> [Source data]:
----
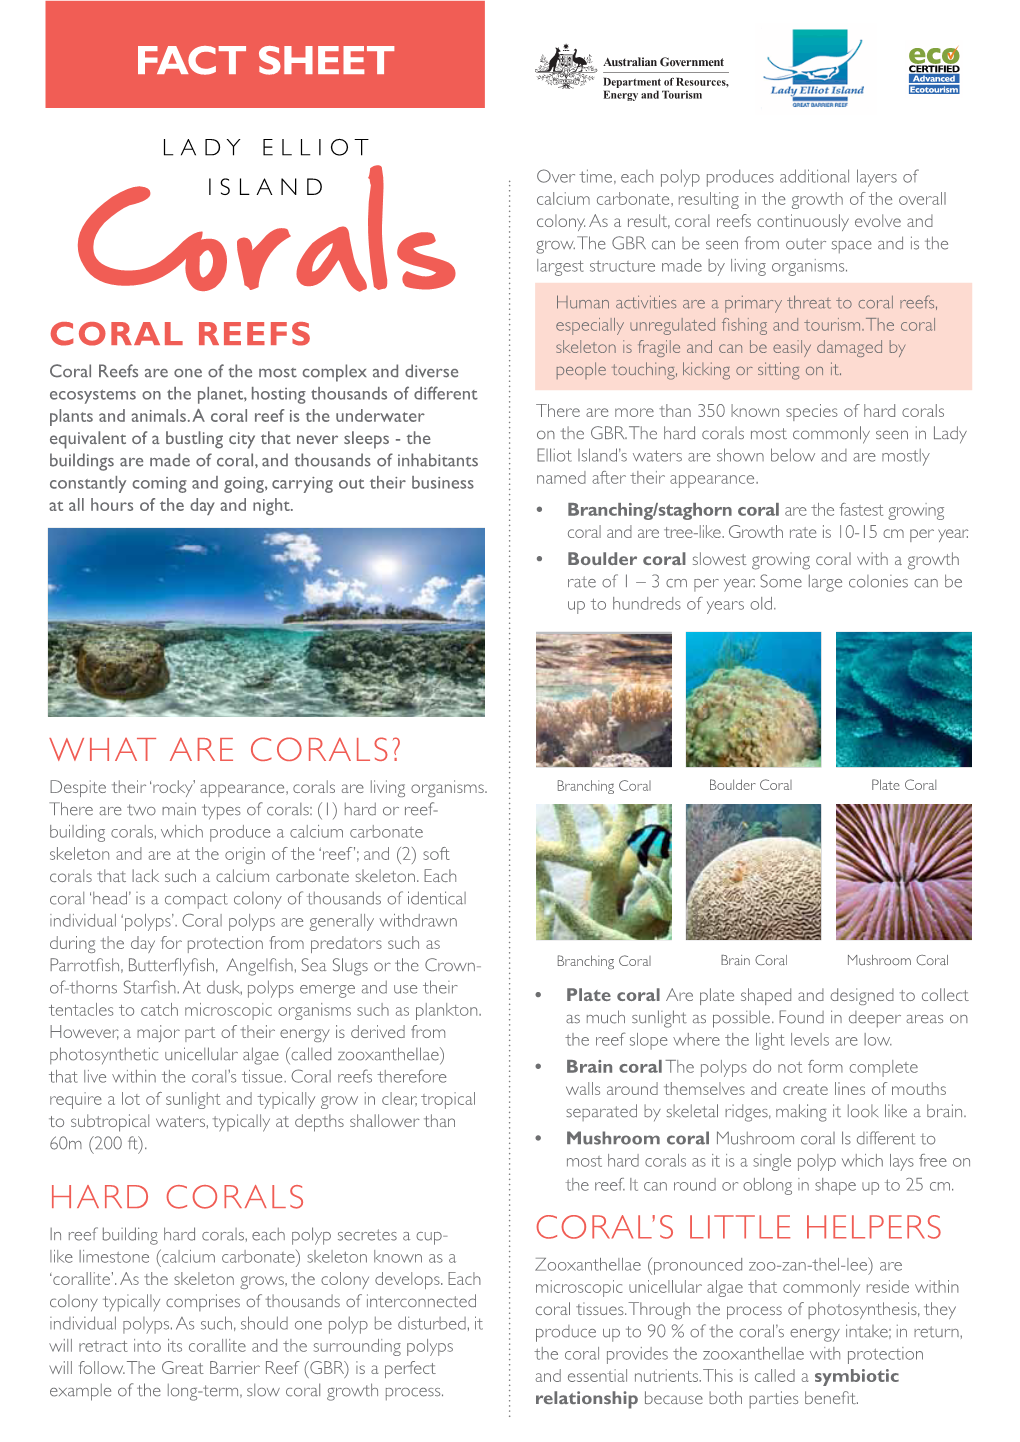 Corals Especially Unregulated Fishing and Tourism
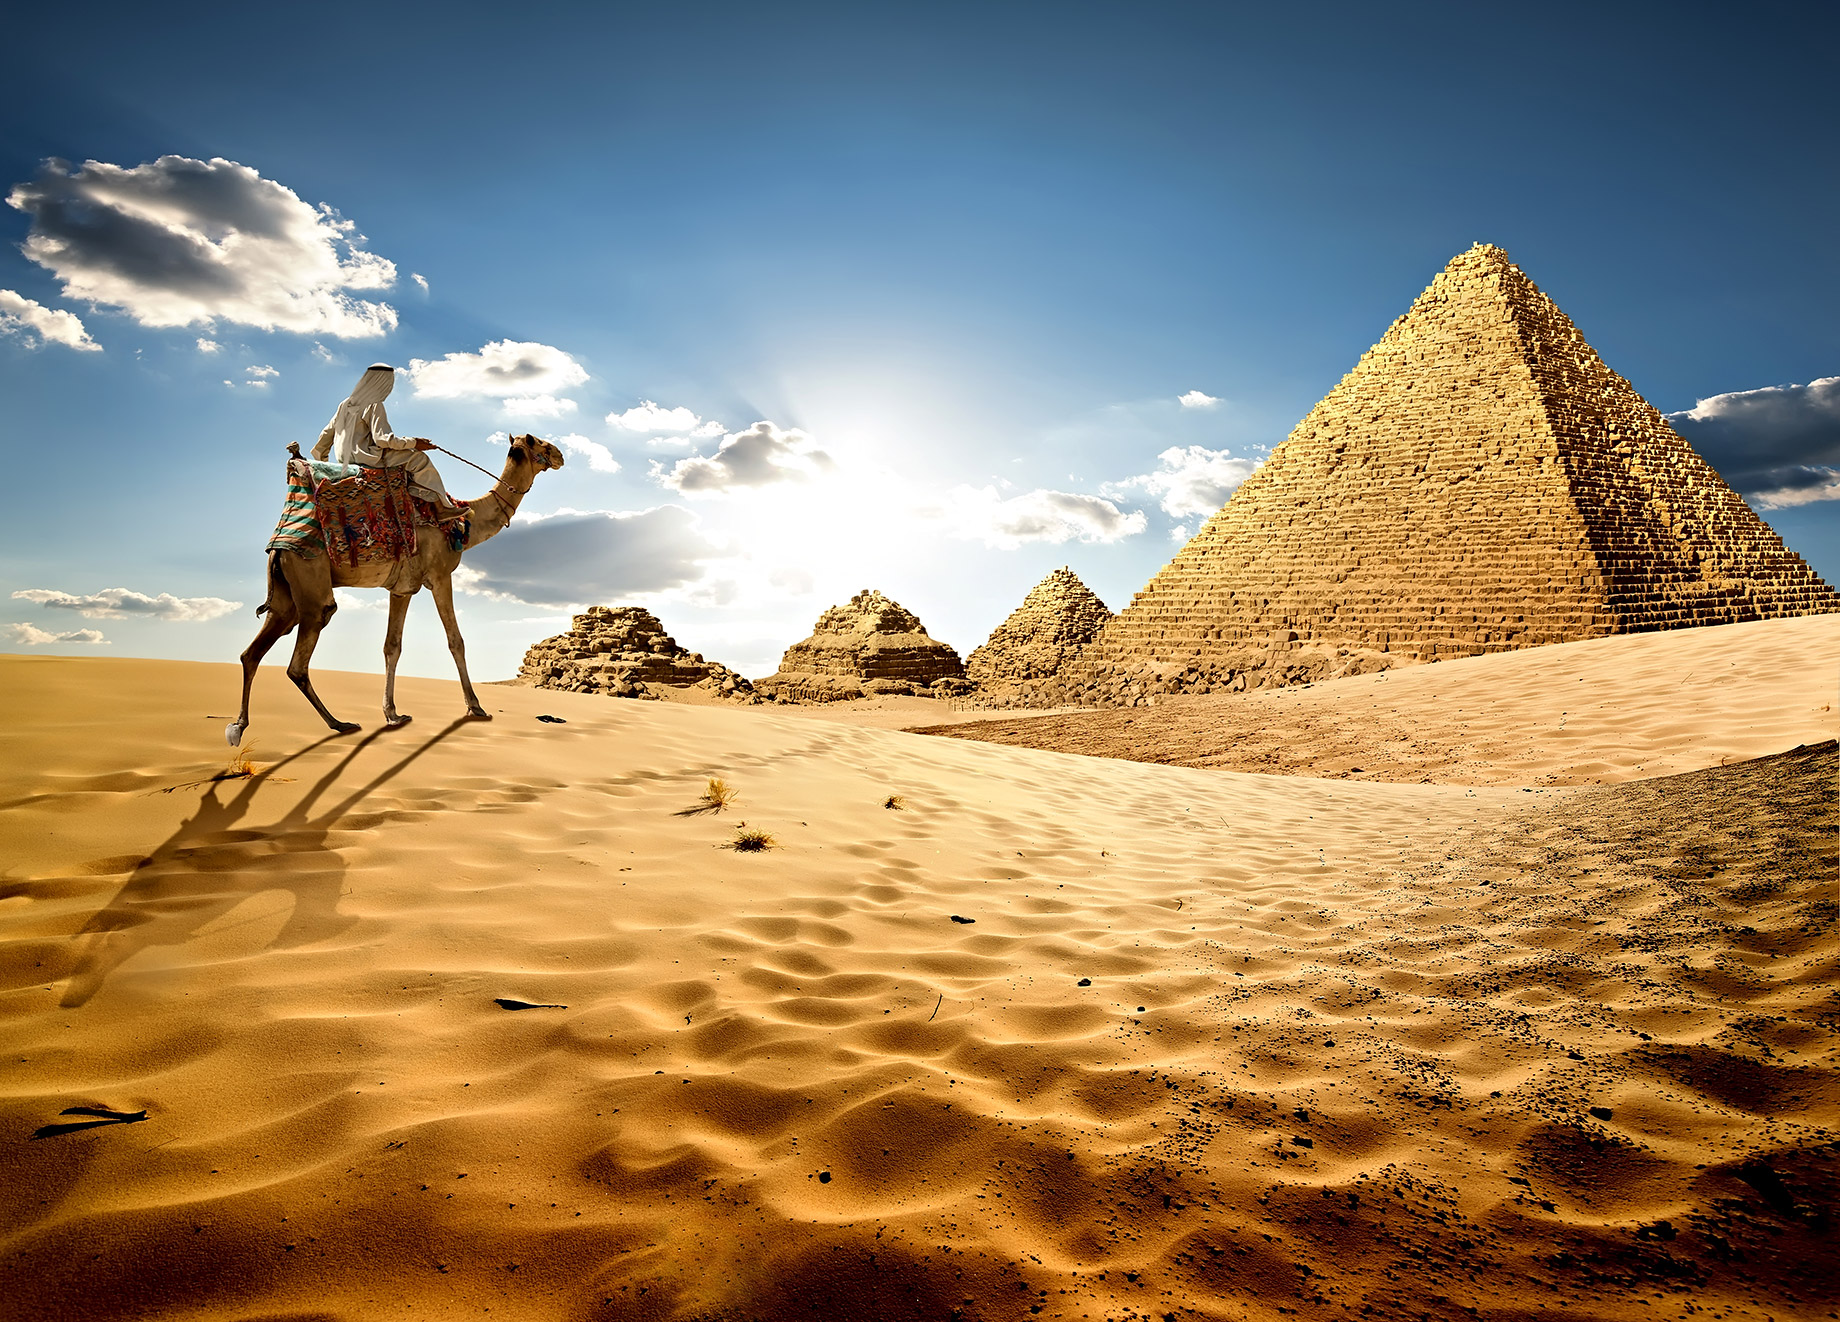 Digital Nomad Riding a Camel to The Great Pyramids of Giza, Egypt
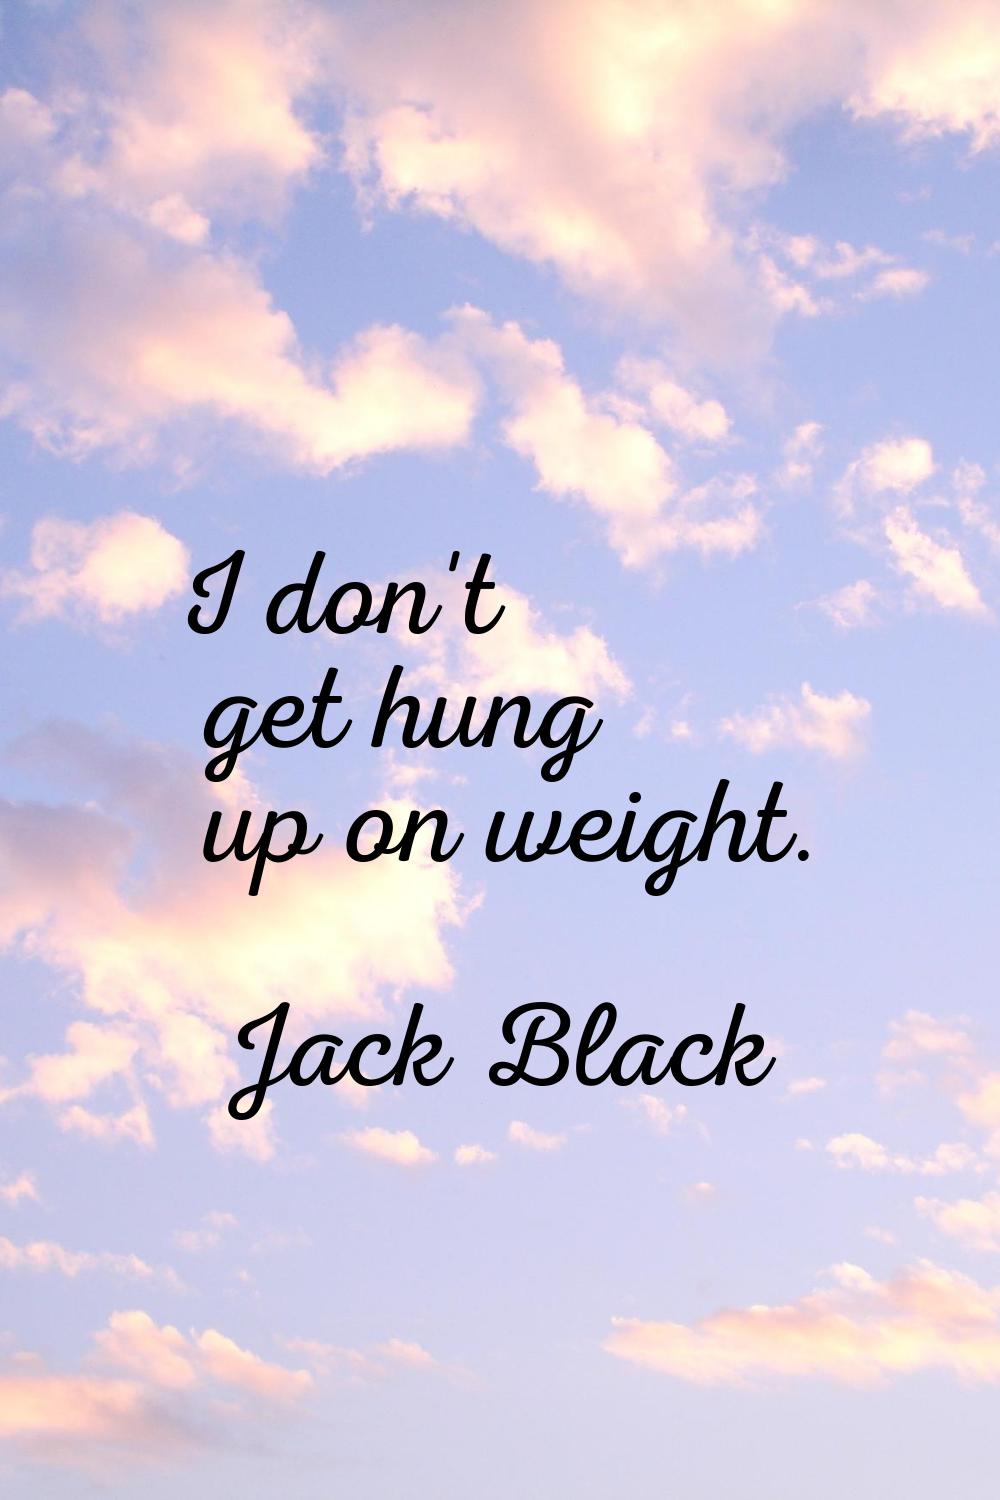 I don't get hung up on weight.
----
> [Exercise brief]: I would like the data above transcribed exactly, with its pictures left out.

> [Result of the task]:
 Corals Especially Unregulated Fishing and Tourism
 Digital Nomad Riding a Camel to The Great Pyramids of Giza, Egypt
 I don't get hung up on weight.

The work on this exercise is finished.